Member - Shareholder
 The term member and shareholder are
synonymous in the case of a company
limited by shares, company limited by
guarantee and having as share capital and
also in respect of an unlimited company
whose capital is held in definite shares.
 In case of a company limited by guarantee
and having no share capital and in the
case of an unlimited company where there
are no definite shares a member is not a
shareholder as there is no share to hold.

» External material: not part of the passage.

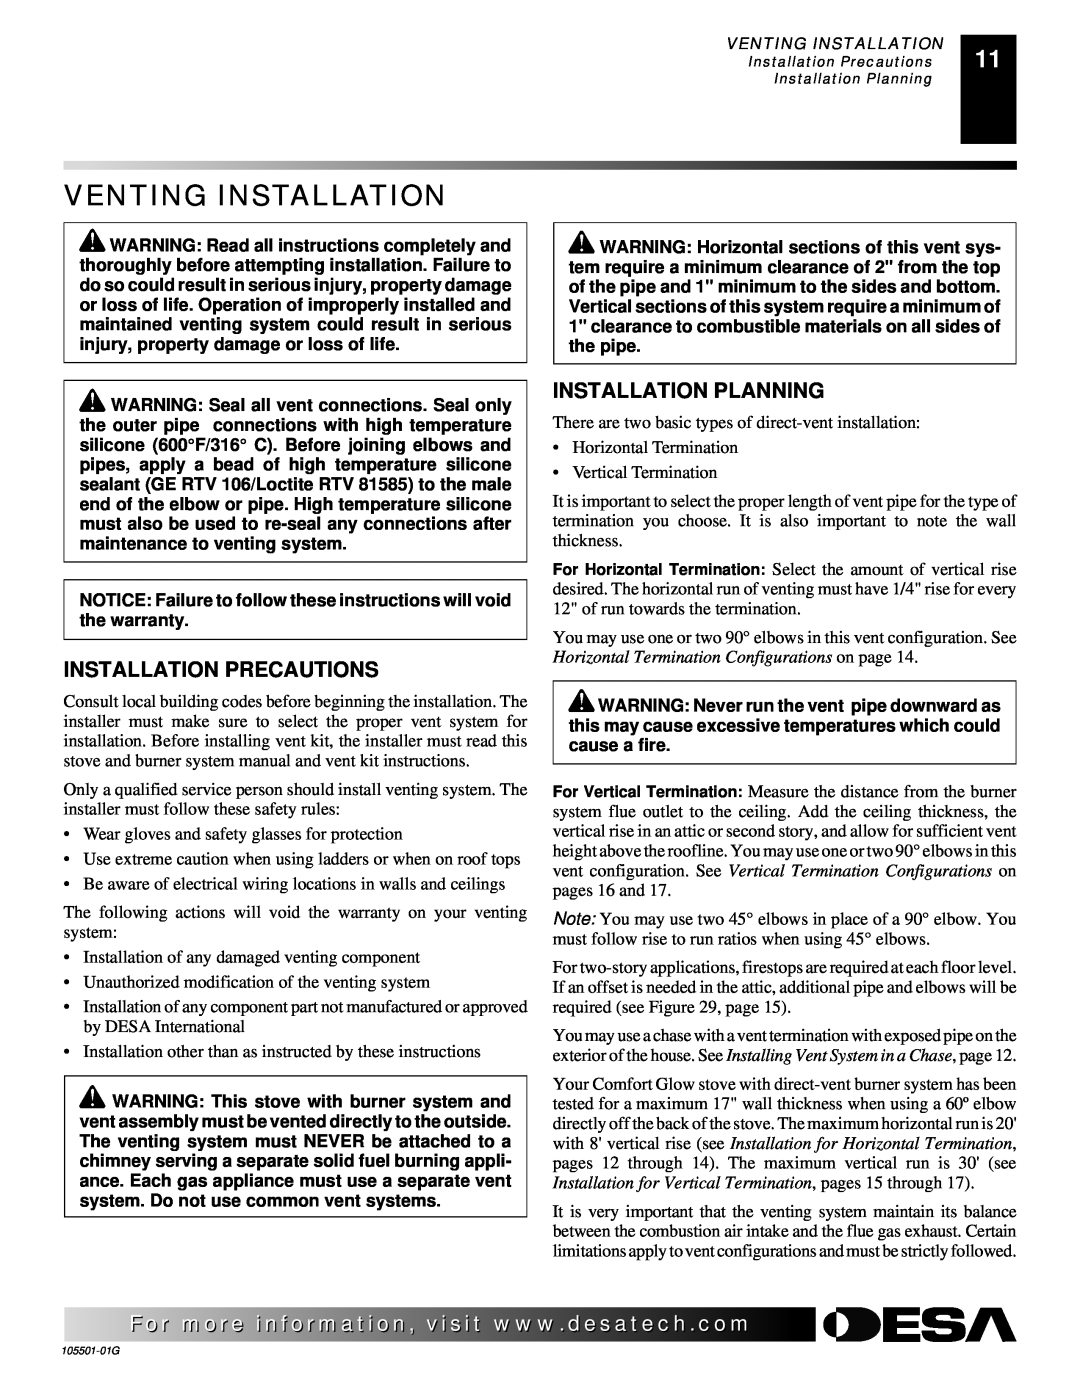 Desa Tech CDVBPC, CDVBNC manual Venting Installation, Installation Precautions, Installation Planning

 In the following situations, a distinction could be
drawn between member and shareholder:
1) In the event of sale of shares, till the time the
documents for transfer of shares are lodged with
the company and the company registers the same,
the transferor name will continue to be in the
register of members and he will be recognised as
member of the company notwithstanding he has
sold the shares. The buyer though has purchased
the shares in the eyes of law is not a member of
the company only a shareholder.
2) In the case of a company having no
share capital, there will be members only.
3) When the company issues share warrant,
the person who is the holder of the
warrant will be a shareholder but not a
member, as his name will be struck off
from the register of members.
4) As per Sec. 41, subscriber to
memorandum of association will be
members of incorporation notwithstanding
shares are not allotted to him, under such
a situation, the subscribers are members
but not shareholders.
Prospectus
 As per Sec. 2(36), any document
described or issued as prospectus and
includes any notice, circular,
advertisement or other document inviting
offers from the public for the subscription
or purchase of shares in or debentures of
a body corporate. Thus, this is not only an
advertisement but may be a circular or
information.
 The criteria are
1) There should be invitation to subscribe for
shares, debentures or deposits.
2) It should be made to the public.
3) The prospectus must be dated and that
date is deemed to be the date of
publication of the prospectus.
 The prospectus normally contains three
parts-
A. General Information
1) Name, address, declarations, date of
issue, etc.
2) Capital Structure of the company –
authorised, issued, size, paid up, etc.
3) Terms of present issue.
4) Particulars of the issue – object – project
cost, etc.
5) Company Management and project –
Details of main object, growth, present
stage, location, promoters, stock market
details.
6) Particulars, litigations, risk perception,
etc.
B. Detailed information
1) Director, Auditors, Managers to issue and
their consent, etc.
2) Procedure, time schedule for allotment,
issue, etc.
3) Name and address of company, Secretary,
legal Advisor, Lead Managers, Auditors,
Bankers, Brokers, etc.
4) Report of Auditors of the company with
respect to its profit and losses and assets
and liabilities and dividends paid earlier.
5) Report of Accountants.
6) Minimum subscription, underwriting
aspects.
7) Place and time where documents may be
inspected.
C. Explanations of terms used
Expert’s consent to the issue of prospectus –
this expert may be an engineer,
accountant, valuer, etc. but they should be
unconnected with the formation or
management of the company.
The expert should give his consent to publish
in the prospectus – the analysis, etc.